In industrial microbiology we use the native properties of microbes to grow in various environmental conditions (can use various materials as their carbon/energy source). The yeast sacchromyces spp. for example, can grow in both in presence or absence of oxygen. When it grows in presence of oxygen it breaks glucose into CO2 and water and yields energy for growth. while growing in anaerobic conditions it produces ethyl alcohol and CO2 and just survives with little growth. This property was identified earlier in the development of humankind and thus humans started production of various alcoholic beverages.

List of Products
  • Ethanol
  • Acetic acid
  • Lactic acid
  • Vitamins
  • Amino acids
  • Enzymes
  • Some insecticides
  • Lipids
  • Coloring compounds
  • Polysaccharides(gum)

Most important use of microbes is as enzyme producers. In the beginnings of microbiology it was discovered that something within the yeast is responsible for the conversion of sugar into alcohol. This biological compound was known as an enzyme ( en= within, zyme= yeast)

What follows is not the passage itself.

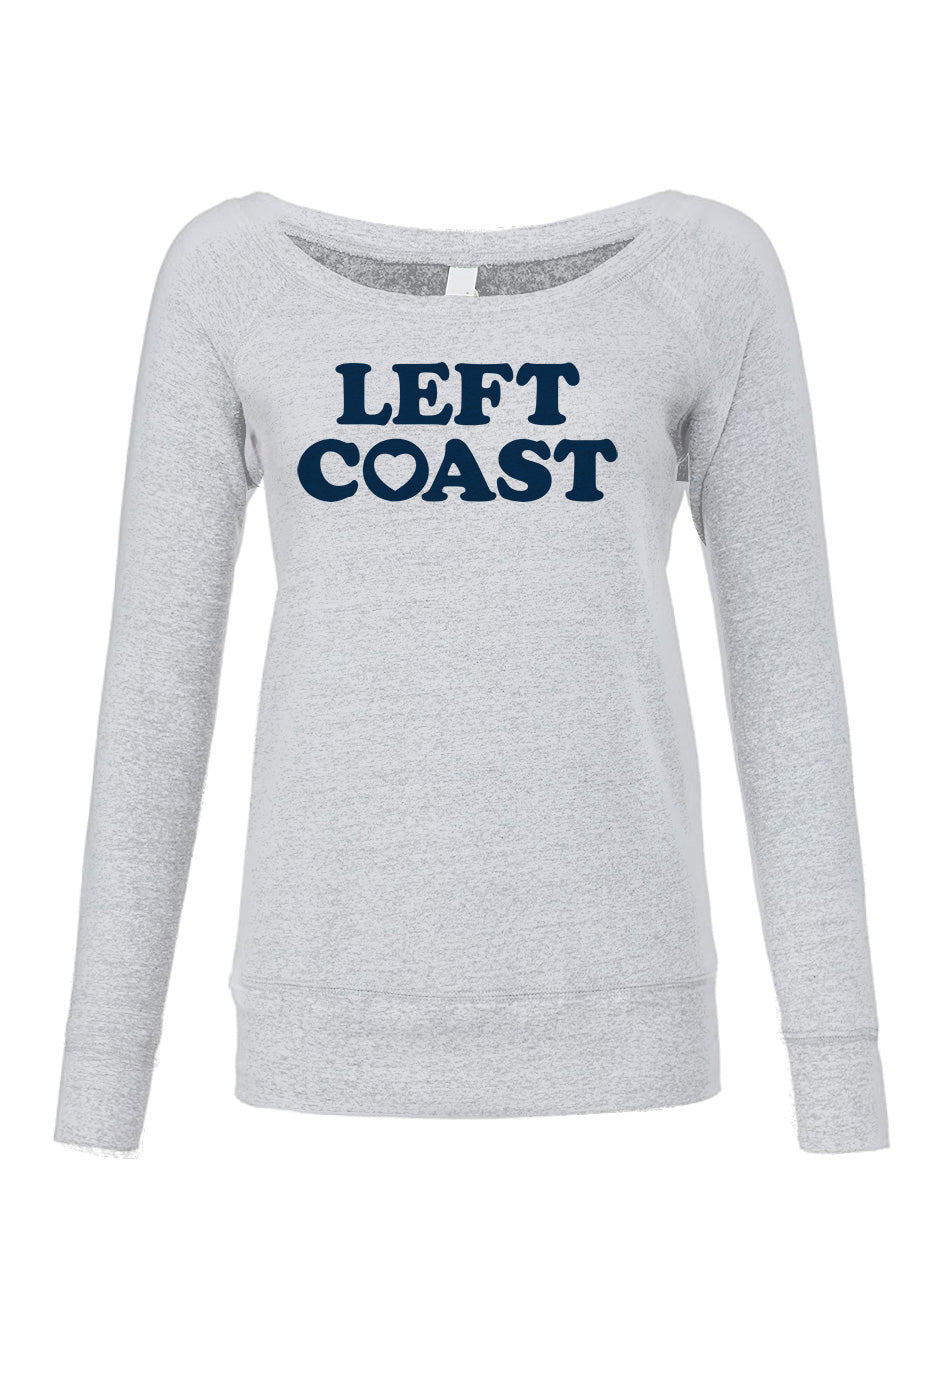 Women's Left Coast Scoop Neck Fleece - California Oregon Washingon West Coast

Nowadays the following industrially important enzymes are produced by microbes:

  • Amylases (to degrade starch)
  • Proteases (to degrade proteins)
  • Lipases (to degrade lipids)
  • Pectinases (clarification of wine and fruit juices)
  • Cellulases (to convert cellulose into glucose)
  • Proteases and lipases are used as additives in modern detergents.

Microbes naturally produce enzymes in order to utilize the food sources present around them. For example, various fungi and bacteria growing on fruit-based substrates produce pectinases and cellulases to degrade the materials present on the cell wall of fruit cells.